Rutherglen should be part of city
A leading Glasgow historian and author has told the Reformer that Rutherglen should once again become part of Glasgow.
Ian R Mitchell, whose books include This City Now ,Clydeside: Red, Orange and Green and most recently, A Glasgow Mosaic, said people who use Glasgow services on a regular basis should be contributing to the city.
In an article for a Sunday newspaper last month, Mr Mitchell said: “The increase in revenue the city would gain from including the rich suburbs within its boundaries would be a step in the right direction.
“Clydebank and Rutherglen should be part of Glasgow; so too should East Dunbartonshire and East Renfrewshire, two of the richest parts of Scotland.
“This, with the addition of the other contiguous areas, would create a city of about one million people, which would be better able to deal with its social problems, and would be a much bigger hitter on the national and international stage.”
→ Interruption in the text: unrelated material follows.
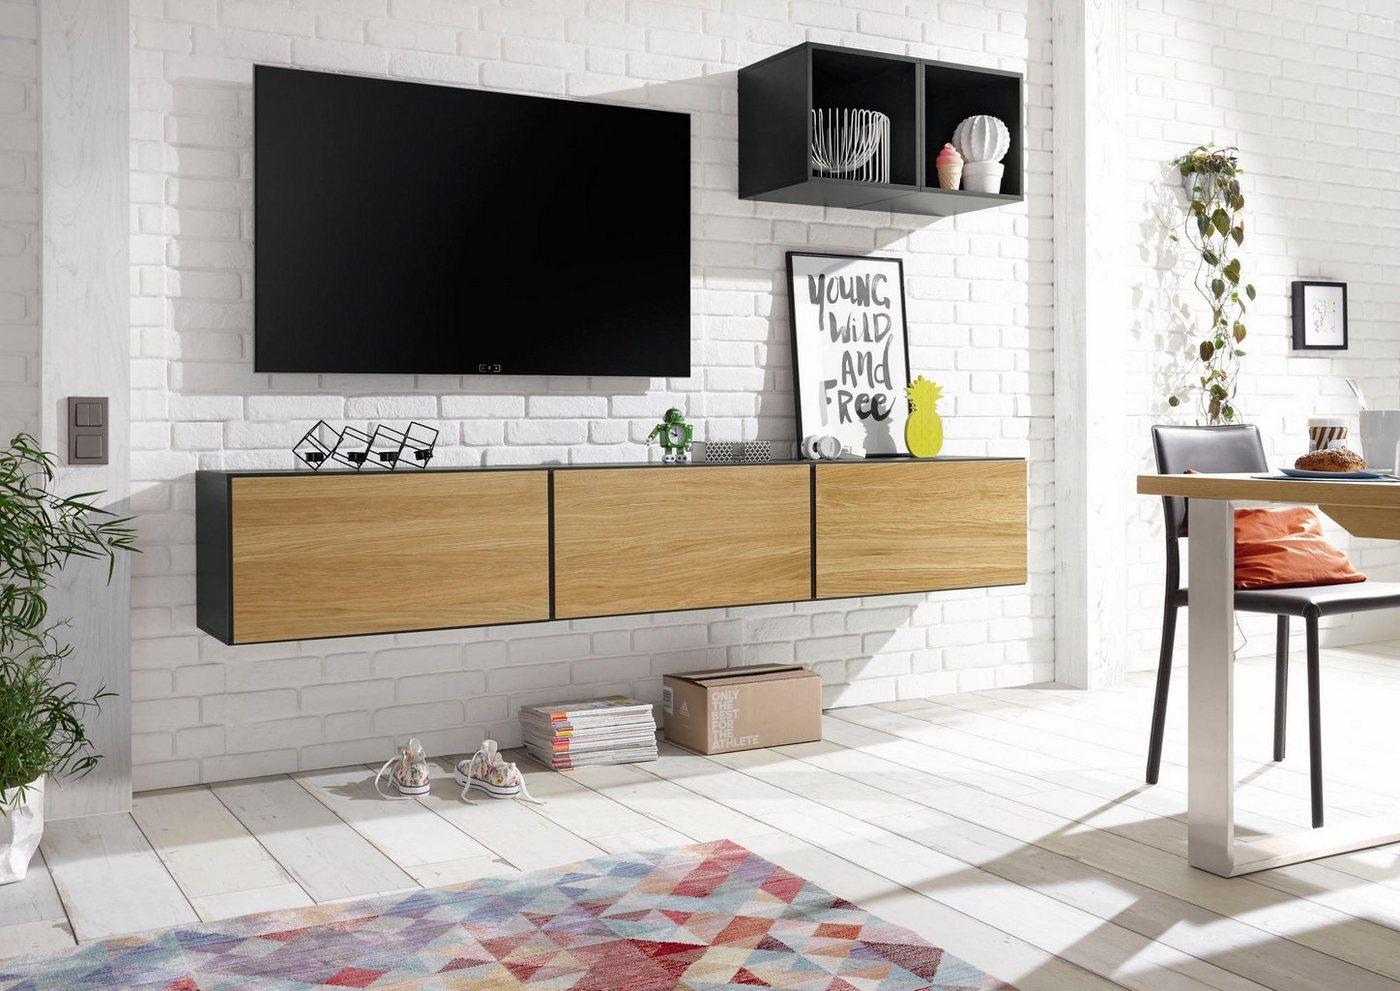 esszimmermobel von hulsta, 5% sparen - hülsta now to go tv-lowboard - nur 614,99€ | cherry, Design ideen

And speaking to the Reformer last week, he stood by his comments: “It’s a basic fact that Glasgow provides facilities for a tax-payer base for a much larger group of people who do not contribute.
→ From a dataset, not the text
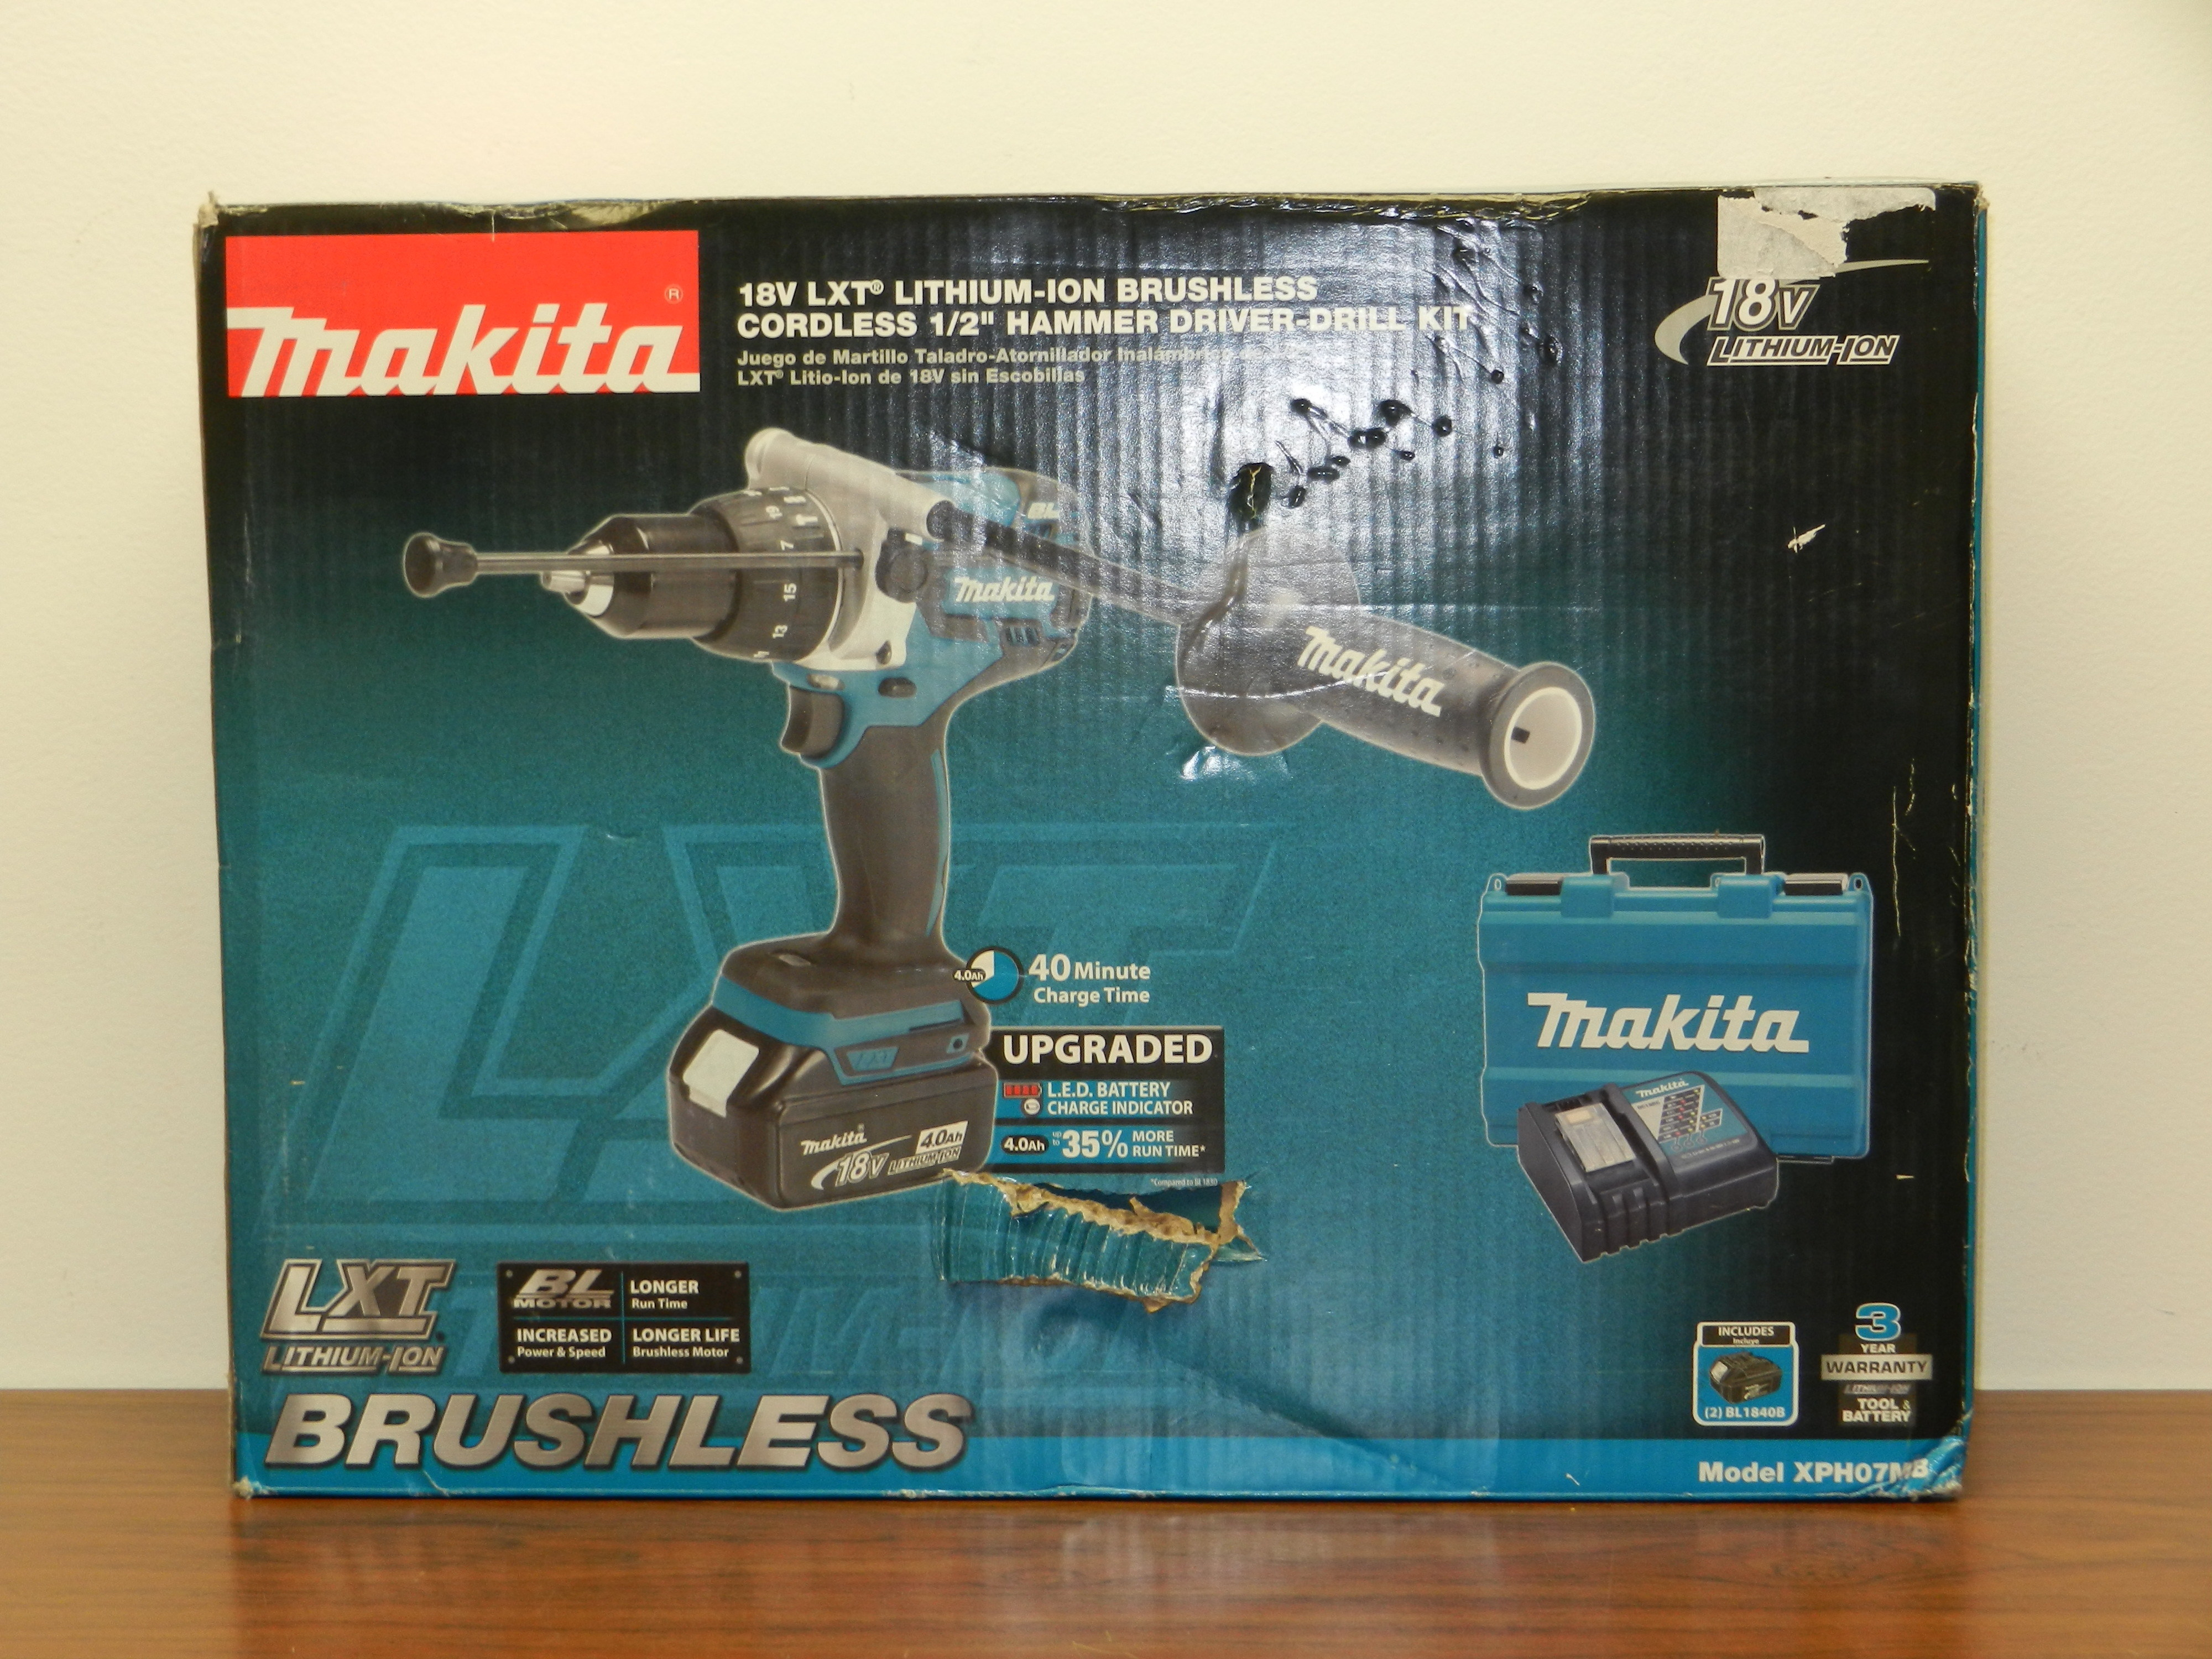 NEW Makita XPH07MB 18V LXT LithiumIon Brushless Cordless1/2

“People in Rutherglen use Glasgow services a lot more than people in Glasgow would use Rutherglen services, the flow works largely one way.
“In terms of planning, the initiatives happening in Glasgow’s east end, Rutherglen has managed to get on its coat tails. Rutherglen would not have got that on its own, and this is an example of how peripheral areas can benefit.
“Glasgow is the cultural, social, political and sporting centre of the conurbation.
“Of course, the argument comes up against local self-interest. Govan used to be independent and is now part of Glasgow, but no where has a greater sense of identity than Govan.
“Rutherglen used to have its own council and it’s now part of South Lanarkshire, how independent is that?
“The idea is that Rutherglen is independent of Glasgow, but that really isn’t the case. Really, it’s dependent, most people work in Glasgow, so why not acknowledge that fact and contribute?”
Rutherglen, and Cambuslang, were part of Glasgow District Council between 1975 and 1996.
During that time, many locals felt the towns lost their independence and suffered neglect, with the decay of the Town Hall becoming synonymous with a general decline.
A high profile campaign eventually bore fruit when the towns became part of South Lanarkshire in 1996.
But Mr Mitchell reckons the town would benefit this time around: “Glasgow in the 80’s and 90’s was a different place. It’s now a city that’s turned itself around, and is now a centre of culture and tourism.
“If the experience (the last time the town was part of Glasgow) was negative, I can’t comment, but hopefully it wouldn’t be this time. I’m quite sure there were real grievances, I can’t really comment, and I’d be interested to hear what they were.
“Glasgow is a vibrant city and that’s not spread to the peripheral areas.
“Glasgow’s second biggest industry is now tourism. People come to Glasgow but they don’t go and see Rutherglen Town Hall because it is not on their radar. And why should the city publicise these things, it’s big business now, but if it was part of Glasgow people would know about it, so I think there would be benefit for Rutherglen as well.”
Mr Mitchell concedes any change is unlikely to happen in the immediate future, but he reckons the city will need to take steps to help fund facilities used by people from outwith the boundary.
“Some cities have citizens cards for facilities which means facilities are free for people in the city but not for those outwith.
“I’d rather have a metropolitan Glasgow, but if not I would look to see some way of making people who use the city facilities from outwith contribute towards it.”
However, Councillor Robert Brown, who was one of the key players to remove Rutherglen from Glasgow, dismissed Mr Mitchell’s argument.
He said: “It ’ s part of this push for c e nt ra l i s a t i o n . “The bottom line is, you’ve got to have some account for communities, that’s the building blocks. Where do you stop? Do you bring in East Kilbride, Paisley, Dumbarton?
“Glasgow is the major commercial and transport hub and there needs to be a structure that recognises that, but I don’t think that means we have got to reorganise the whole Scottish Government structure the absorbs Rutherglen into the city.
“When we were part of Glasgow, we found, far from being energised, Rutherglen was left behind and that’s why the feeling to leave was so strong.
“You have got to recognise that local communities have proud local traditions. It’s true that South Lanarkshire is county based rather than burgh based, and I have always argued for stronger powers for the area committees, but Rutherglen and Cambuslang have more of a standing within South Lanarkshire.”
Ian R Mitchell in the author of A Glasgow Mosaic: Explorations Around the City’s Urban Icons, from Luath Press, £8.99.
Seat of power Should Rutherglen be governed locally from Glasgow’s City Chambers?